The mass of people on the National Mall who gathered to watch the inauguration of Barack Obama as president of the United States on Tuesday was simply stupendous. The anticipation seemed to reach around the globe. The announcers were all falling all over themselves to remind us that Barack Obama was about to be the nation’s first African American president. As we watched the Obama family settle in behind the lectern, I thought back to this time last year, when the frenzy had just begun over this one term Senator from Illinois with the million dollar smile.
How far we had come.
To some people, Barack Obama was simply a man running for president. For others of us who were African American, he was more than that. He was a man who not only looked like us, but remembered us, and sounded like he was going to work to continue to connect to us even after he joined the most exclusive men's club in the world.
In his inaugural speech, Barack Obama recognized the small village that was the birthplace of his father as a part of his heritage, but to many of us watching, he was from Alabama and Mississippi and South Carolina and Maryland and California and Illinois and Georgia and Florida as much as he was from Kenya or Kansas or Hawaii.
The president's steps and the first lady's steps as they walked down Pennsylvania Avenue during the parade weren’t just the steps of two people - they were the steps of generations of men and women denied full participation in American society by the color of their skin, the steps of millions of peoples of color who live in America today whose lives are just beginning to resemble those of our paler brethren, the steps of their long dead ancestors, and the steps for their own children, who may very likely get the chance to live as adults in a world that sees them more for who they are than any generation of brown-skinned people in the history of this country.

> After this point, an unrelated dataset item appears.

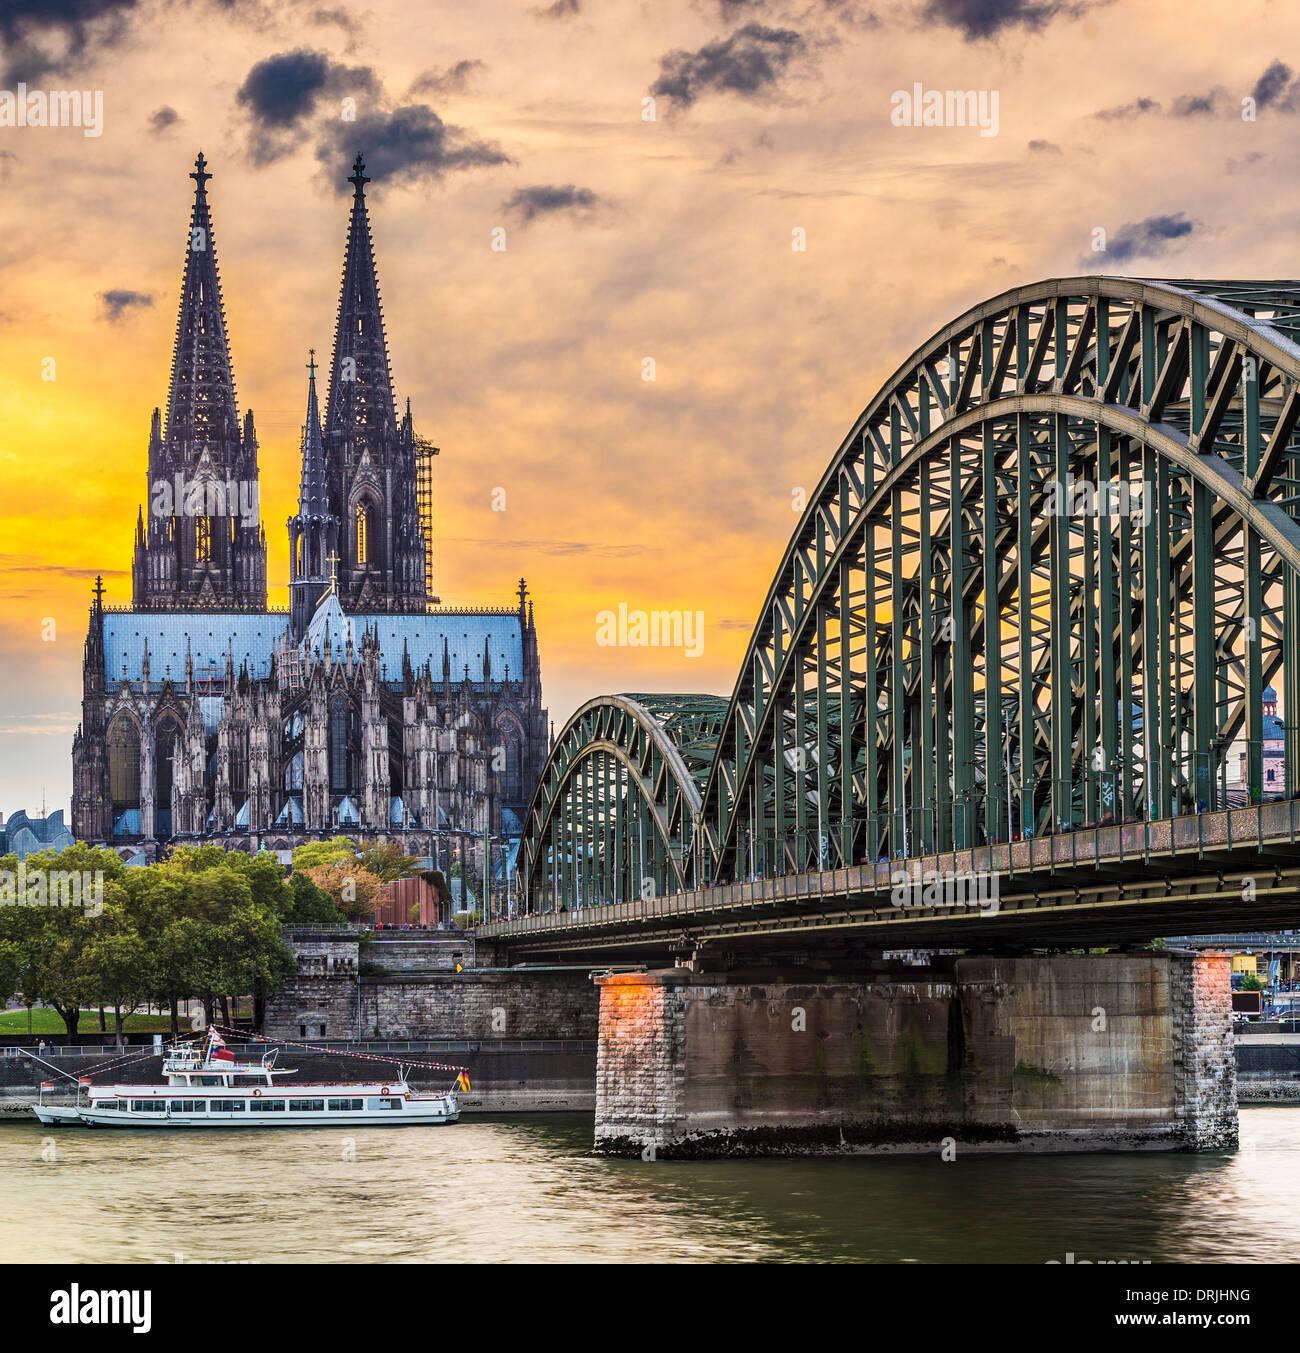 Köln am Dom und Brücke über den Rhein. Stockbild

Some of us are almost there already. Some of our neighbors are white. Our friends are multicultural. Our educations have been obtained from the best schools in the land.
But this is not the mass of black Americans. Too many of us are still struggling to connect intimately with other cultures. Too many of us are still rolling our eyes at the thought of higher learning. Too many of us are now bound more from within than without, more from our own narrow worldviews than how the world now views us.
Those steps down Pennsylvania Avenue that Barack and Michelle Obama took yesterday, after the inauguration ceremony – they were for the mass of black Americans too. But they are not going to walk up to your home, knock on your door, then come in and take a seat on your couch. You’ve got to meet them halfway.
Barack Obama did not slide into the White House on his silver tongue. He trained his mind to think wider, deeper, faster, and longer than the competition. He took advantage of the best university system in the world. And he remembered, even after deciding to more fully embrace the African side of his heritage, to never forget how to connect to the rest of America that he grew up in.
So conjure up your own parade in your mind. Throw your shoulders back. Hold your head high. And when you walk, whether it's down the street, or in the grocery store, or the locker court, or the mall, remember that the steps you take are not yours alone – that you have just as many ancestors and forebears and modern day cheerleaders who are counting on you to stride into a future filled with all the good things America has to offer.